I always lament the fact that I forgot all the random things I learned over the year, so in 2021 I made an effort to note down the things I learned just to make this post at the end of the year to look back and remember it again.

So the first ever TIL annual review is for the year 2021, which might be remembered as the year where we thought COVID was over and the world will go back to being “normal” but it pulled an uno reverse on us and now we are in lockdown #4 #5 and booster #2 #3. Though… the bigger problem might be the growing distrust between the public and neutral organizations that is suppose to provide scientific recommendations.
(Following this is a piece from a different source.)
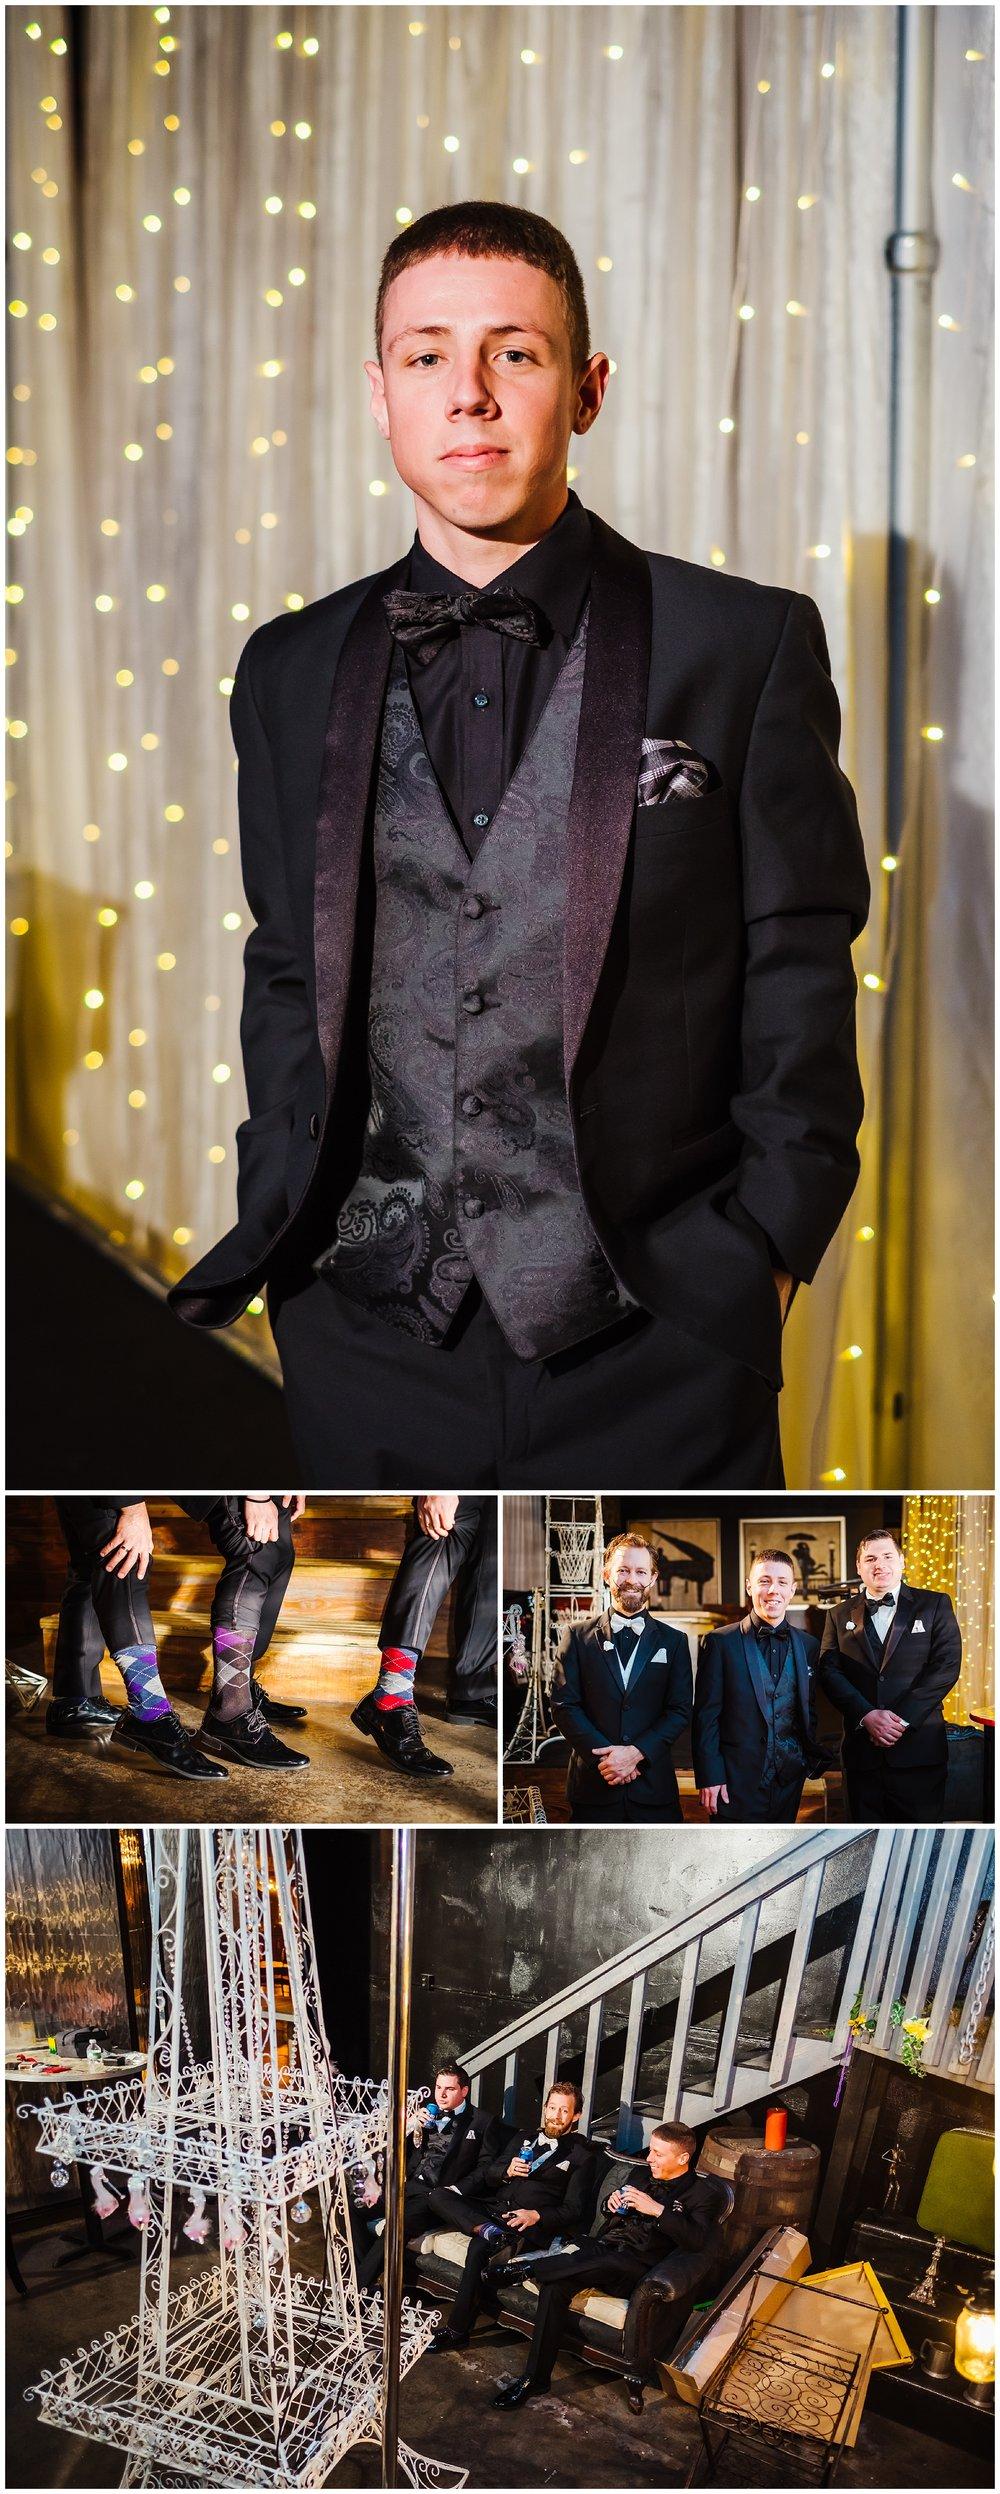 tampa-wedding-photographer-unique-indoor-venue_0006.jpg

Whoa this got heavy real quick but it is also kinda how every normal conversation seems to nose-dive to these days.

  1. Esquire (n.) A courtesy title that is below “knight” and above “gentleman”, originated from UK (where else?) and it is abbreviated to Esq. In the US, this is often used to denote a lawyer.
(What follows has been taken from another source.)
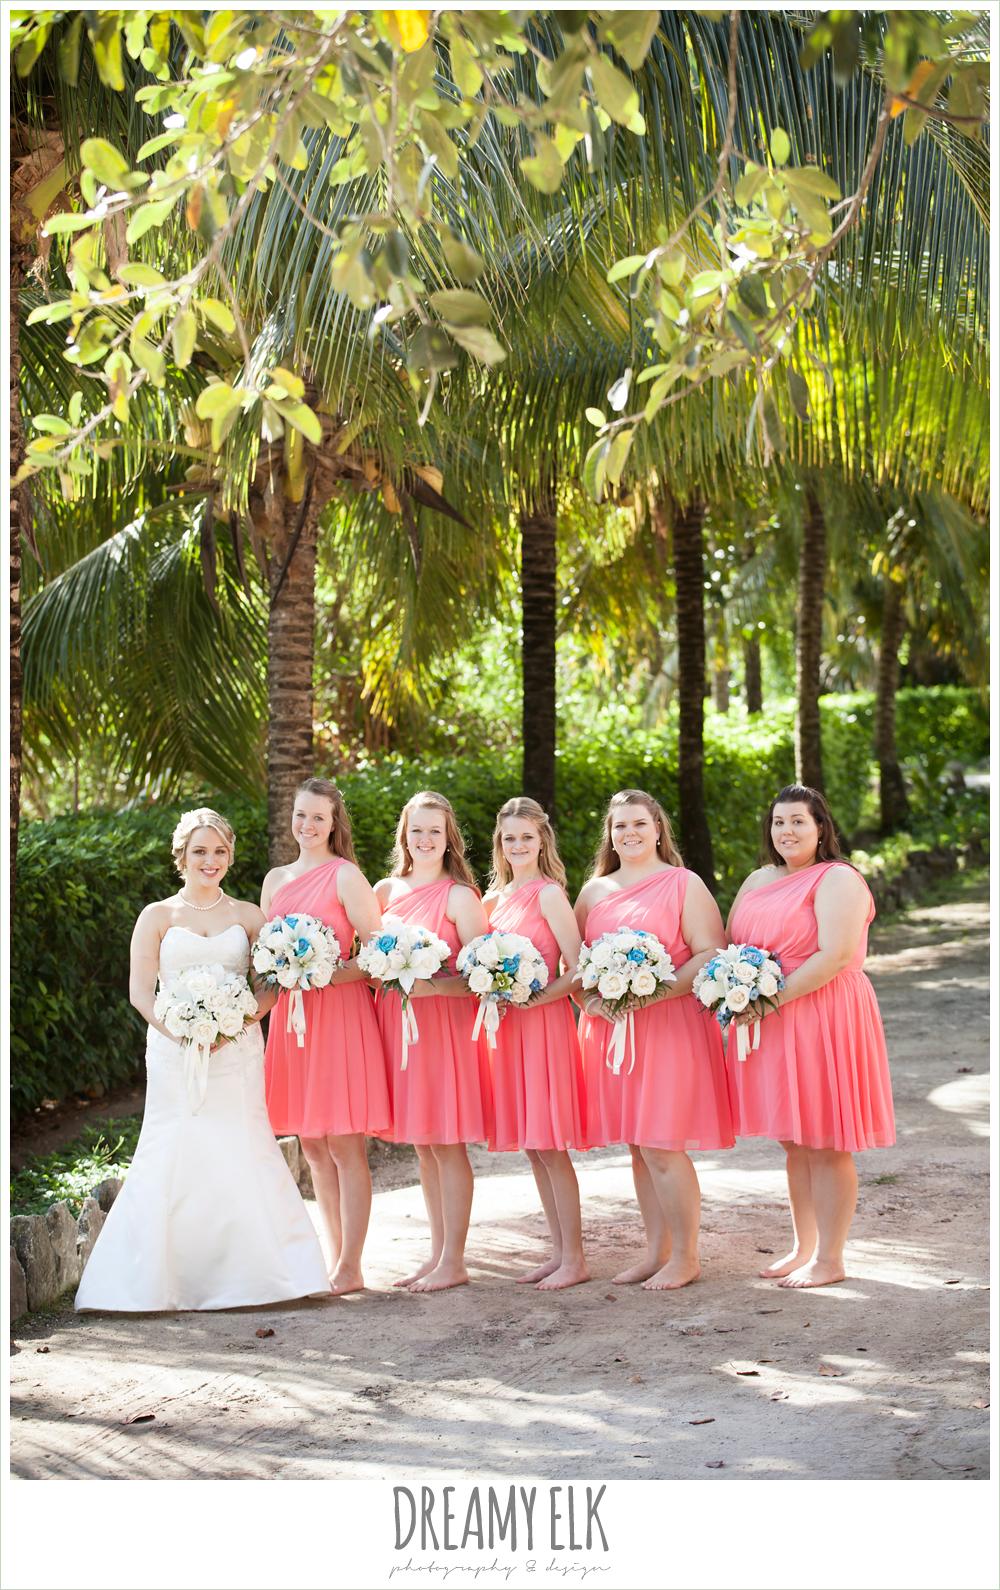 pink, one shoulder bridesmaids dresses, fit and flare wedding dress, destination wedding, cozumel {dreamy elk photography and design} photo

  2. Toyota Production Management Principles Agile management system uses many principles developed from Toyota's manufacturing plant in Burnaston. This is the inspiration for agile management techniques used by software teams today.
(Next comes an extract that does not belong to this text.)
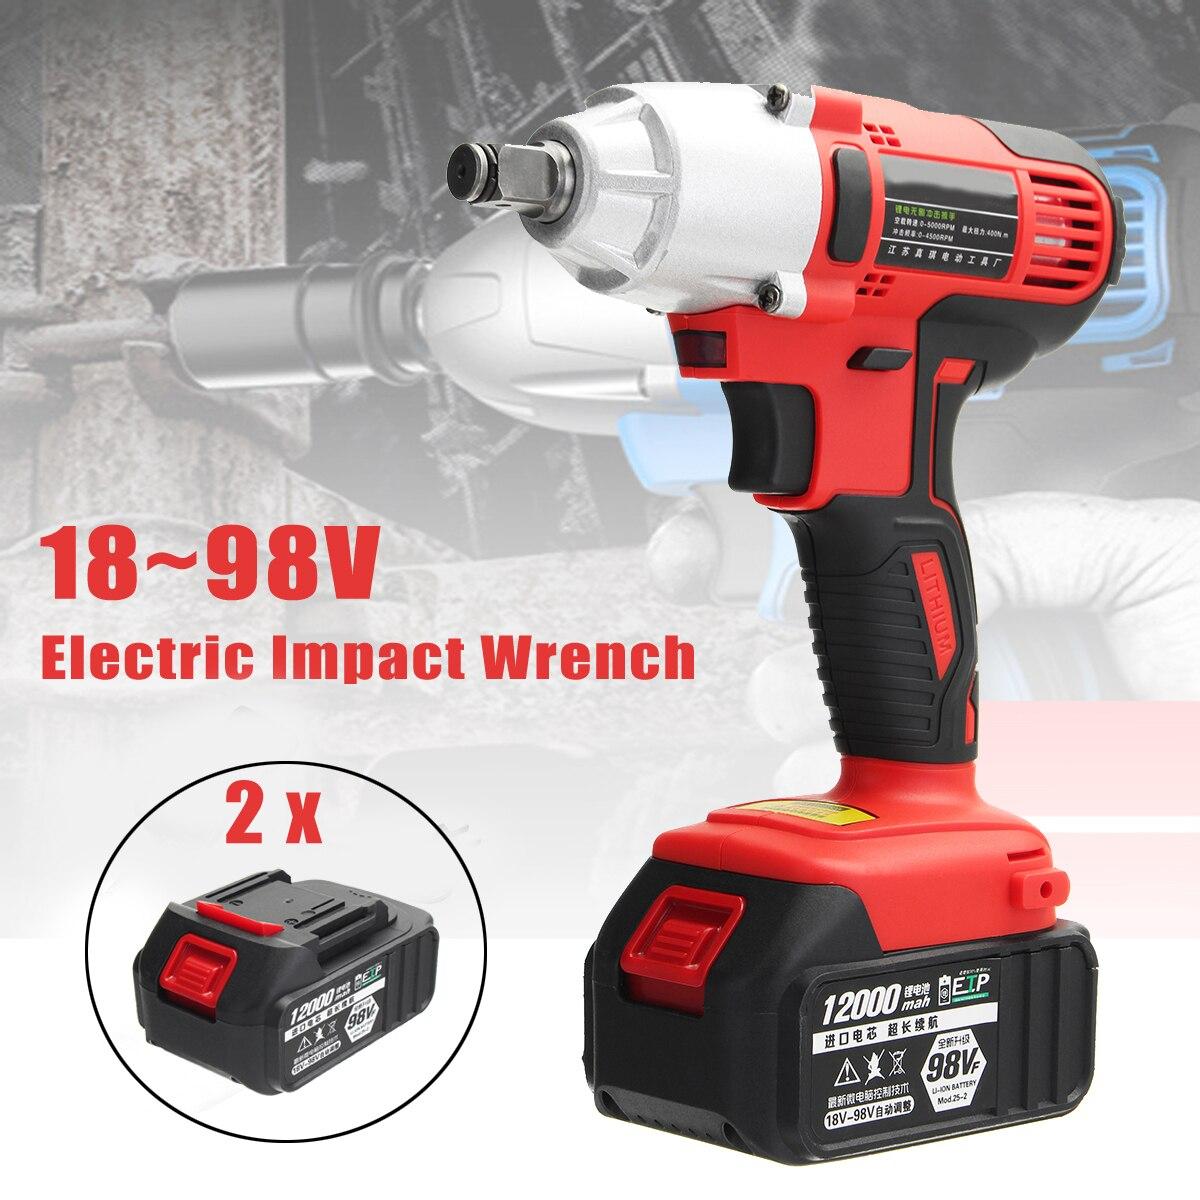 AC 100-240 V 12000 mah Avvitatore Elettrico 400Nm Lithium-Ion Cordless Impact Wrench 2 Batterie 1 Caricabatterie Strumento di potere

  • Andon: A visual indication for action
  • Gemba: The physical location of where work is done
  • Genchi Genbutsu: Instead of explaining the event, go see for yourself to have a the best understanding of the situation
  • Hansei: Retrospective, even for successful tasks
  • Jidokai: Design of systems that allows for it to be halted immediately whenever a problem occurs. By catching early defects, this eliminates wastes from mistakes
  • Just-in-time: Produce what is needed whenever the customers want it
  • Kaizen: Continuous improvement work environment that allows the workers to identify shortcomings and promotes new ideas
  • Kanban: A board system to convey the tasks required for production
  • Muda: Waste that does not add any value
  • Mura: Waste from unevenness or irregularities
  • Muri: Waste from overburden
  • Poka-Yoke: Devices that halts production when a mistake is detected

This rabbit hole lead to a few more linguistic TILs.

  1. Loanword A word that is left untranslated from another language and permanently adopted as is. Some great examples I found are: tofu (Chinese - duofu), cafe (French - café), kindergarten (German - kinder[child]garten[garden]), calque (French - calque), deja vu (French - déjà vu).

There is a whole database of loaned words and English, which does not surprise me, is one of top languages with borrowed words but it is also the most loaned word language to other languages. While Mandarin has the least loaned words from other languages.

  1. Calque A word or phrase that is translated literally word-for-word from another language. For example, “skyscraper” is a calque in many other languages and “flea market” is a calque from French term marché aux puces (market of fleas).

  2. Verbund (n.) German word that means “the physical integration of products”, when the by-product of the assembly for one product can be used in another assembly line. This is the metaphor used for note-taking techniques that allows ideas and knowledge to mix together to create new thoughts.

  3. Active Inhibition (n.) Actively build a mind filter between free-flowing thoughts and long-term memory, this helps with avoiding being flooded with memories when consciously problem solving. This is one of the goals of note-taking!

  4. Kakorrhaphiophobia (n.) The fear of failure.

A tangential fear is the fear of long words and the people who named it were sick deviants because it is one of the longest words in the English dictionary - Hippopotomonstrosesquippedaliophobia.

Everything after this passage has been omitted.